More indulging

Categories: orthodox-life

Date: 29 September 2004 06:53:55

I was speaking to a friend over lunch about my decision to commit to Orthodoxy, and another thing became clear.

A very wise woman (who makes a mean tiramisu and will be heading up north next year as a theological student) once told me several years ago that one day I would be sure of my beliefs and would not feel a need to constantly defend the expression of my faith. Well, two years later and I may be there.

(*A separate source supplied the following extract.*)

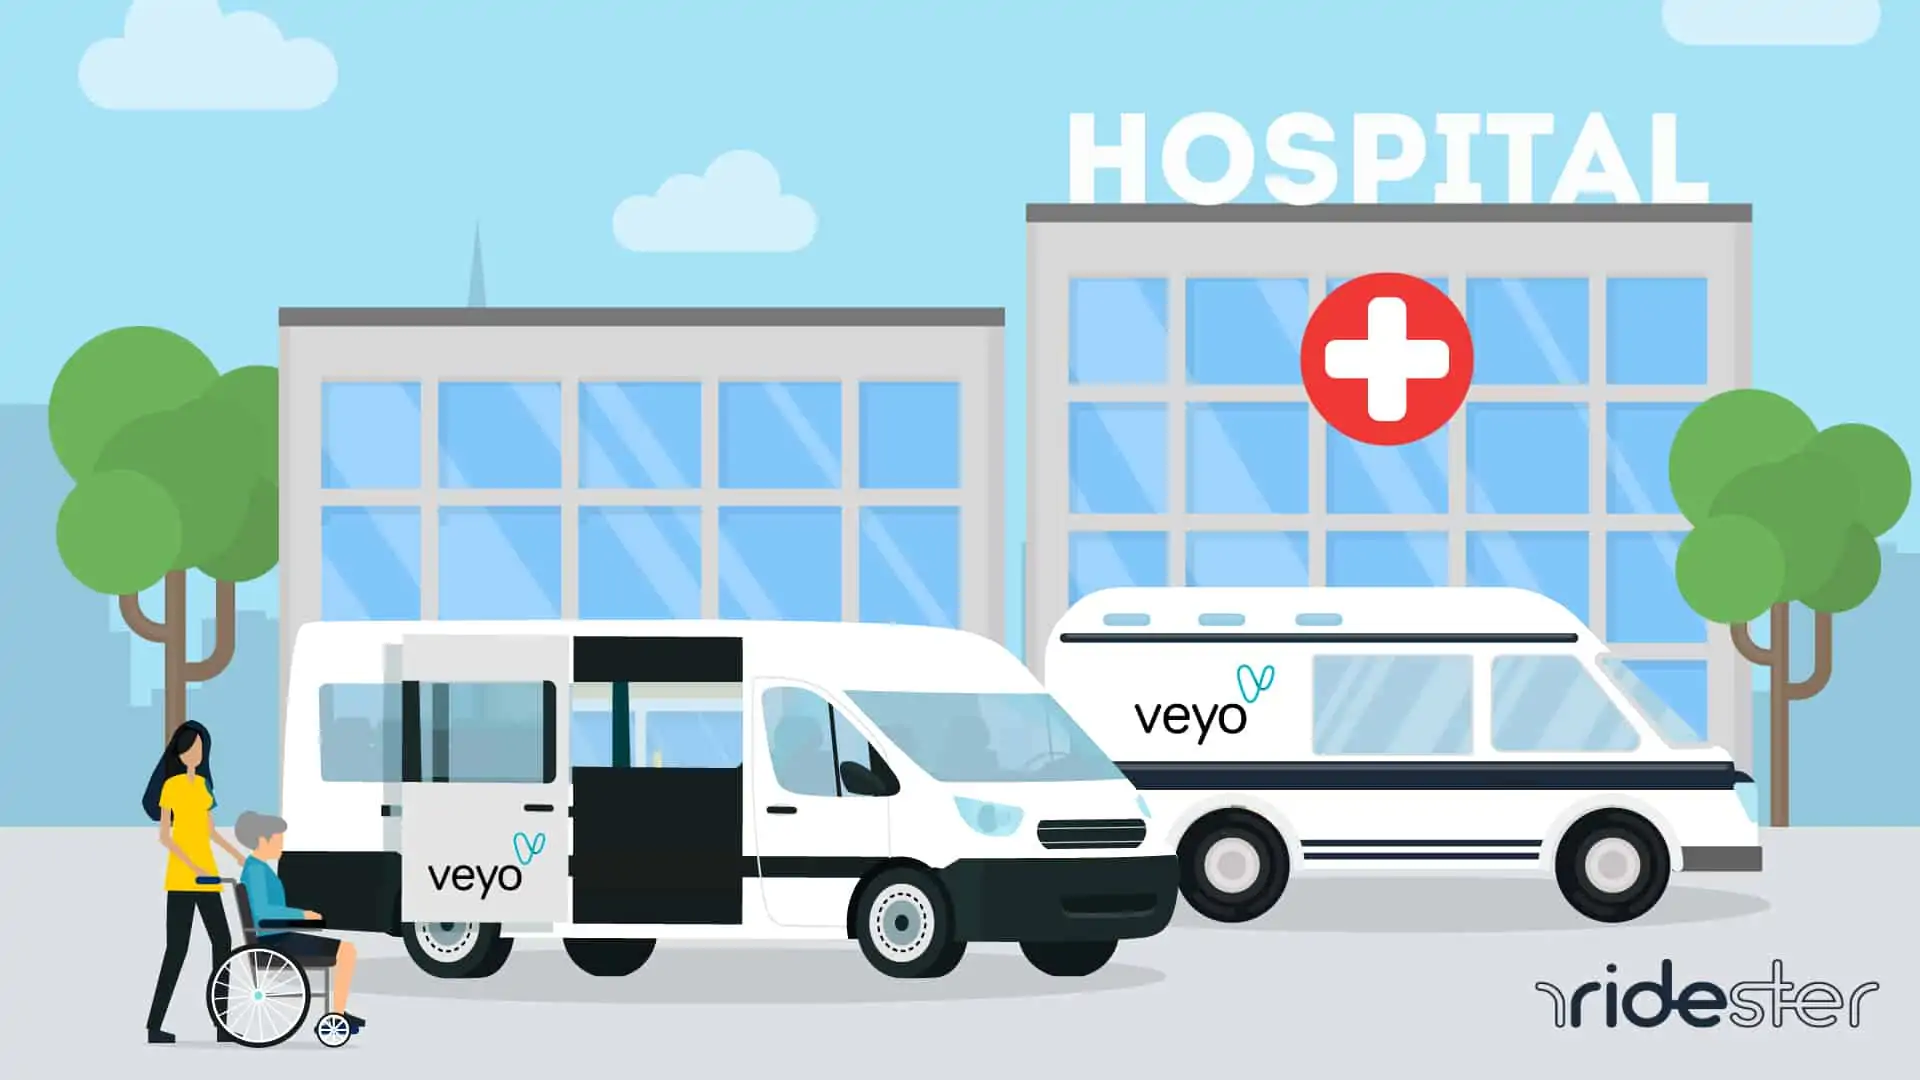 vector image showing Veyo driver pushing patient into Veyo van

Climbing the candle from an evangelical to a somewhat High Anglican I had a great amount of "testing of my beliefs" to do. Being a genuinely insecure person anyway, this became more pronounced when I was told by many people that my leaving a "low church" meant I was on the Highway to Hell. This fed my insecurities and made me become all the more defensive. I couldn't let any comment slip by that might be hinting that I was "backsliding". This only led to more frustration, and more distress. My insecurities grew and grew.

Waking this morning, my insecurities haven't gone away completely -- but I feel far less insecure. I don't feel like it is me fighting for my beliefs contra munda, or at least contra 'those who feel I am "backsliding"' (it did feel like I was against the world at times -- I'm nothing if not over-dramatic).

Today has been a very therapeutic day for me. And a great blessing. Thanks be to God.